Have you made your Christmas pudding yet?
Most people seem to buy them nowadays, but whether you take the time to produce your own, or pick up a ready-made one from the supermarket, the pudding continues to be an integral part of the traditional fare of the season.
Its origins are, however, lost in the mists of time and steeped in legend.
Some say it started in the medieval period and has deep religious symbolism, whilst others have it evolving from the plum puddings of the 17th and 18th centuries.
The first definitive recipe naming it a “Christmas pudding” features in Eliza Acton’s Modern Cookery for Private Families, published in 1845.
Just a few years later, the famous Isabella Beeton started producing her books about household cooking.
I have my paternal great-grandmother’s copy of the 1901 edition of Mrs Beeton’s Cookery Book.
I know that this well-thumbed tome was used by Edith Nunn as a guide to feed her husband, Frederick, and their seven children at the family home at 51 (since re-numbered 73) Wantz Road.
On page 210 of the book is a recipe for “a plain Christmas pudding for children”.
Based on the volume of ingredients, Mrs Beeton estimated it would cost 1s 9d to make and would feed up to ten youngsters.
Part of what she calls the “mode” involved tying the fruity-spice mix up in a “well floured cloth” and boiling it for “at least five hours”.
I recall my maternal grandmother still employing that method in the kitchen of her Church Street house in the 1960s.

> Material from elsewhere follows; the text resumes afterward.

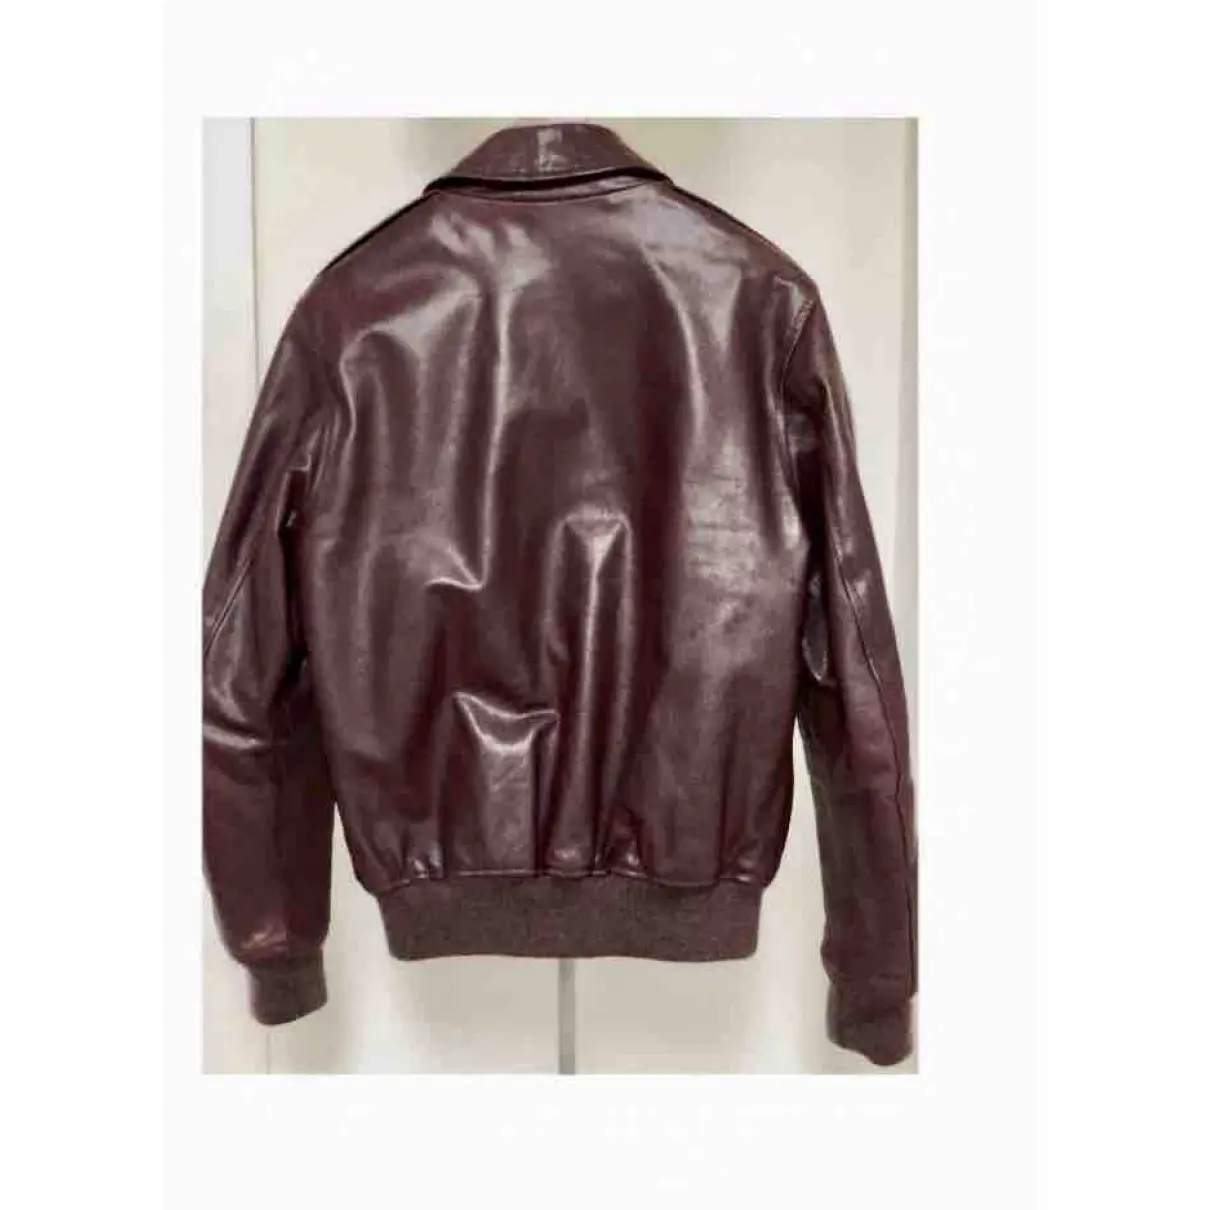 Buy Blauer Leather jacket online

Mrs Beeton used four eggs in her concoction, but during the war years of 1939 to 1945 (and as a result of subsequent rationing) that would have been too much of a luxury.
Instead Maldon residents (as elsewhere) made do with “reconstituted dried eggs”.
The Ministry of Food put together recommended recipes for Christmas pudding without any eggs and another for “a good dark Christmas pudding” using two dried eggs.
It had to be steamed for four hours, stored in a cool place and then steamed for a further two to three hours before serving six helpings.
Egg rationing (of one per person per week) didn’t end until 1954. Not only that, but on July 21, 1946, the Government introduced the rationing of flour (and bread and flour confectionery).
When all UK rationing was finally over, a plethora of new, unrestricted recipe books emerged.
In my Maldon collection I have one sold (for 9d) by the Superise Flour Co Ltd, of Fullbridge Roller Mills.
It is difficult to date precisely, but based on the specified telephone number, Maldon 691, it must be around 1954 to 1964.
Superise’s “finest unbleached, self-raising flour”, made “in pure country air”, was said to be ideal for “home-made cakes, pastries and puddings”, including Christmas pudding.
The company’s recipe included 4oz of their flour, mixed with spices (cinnamon, ginger and nutmeg) and salt.
Breadcrumbs, suet and sugar were added, along with cut dried fruits (sultanas, raisins and currants) chopped prunes and apples.
At that point the mix was left overnight. The next morning, eggs, treacle, gravy browning and marmalade were incorporated and all given a thorough mix. (Again, I remember as a child my grandmother encouraging me to stir the Christmas pudding. ‘Stir-up Sunday’ was historically the last Sunday before Advent).
Returning to the Superise recipe, the mix was placed into a basin, covered and boiled in a half-filled pan of water for three to four hours and another three on the day to be eaten.
So go on – this year don’t buy your pudding, make one instead.
If you do, you could add a local twist to one of the countless recipes available in modern-day cookbooks and on-line. The flour, for instance, could be Carr’s self-raising – their Maldon mill has been operating at Fullbridge since 1896.
The seasoning could be a few pinches of Maldon Salt (founded in 1882). The marmalade Wilkin and Sons' Thick Cut Tawny Orange - a company operating out of Tiptree since 1885.
You could include a drop of Mighty Oak Brewing Company’s 4.1 per cent Old Man and the Sea stout, brewed at West Station Yard.
And, if you can get one and it is stored properly, include a chopped Maldon Wonder, a dessert apple raised in Heybridge in 1900 and introduced in 1933. Who knows, this could become a real seasonal winner!
I wish all of you, the readers of this weekly history feature, a very Merry Christmas.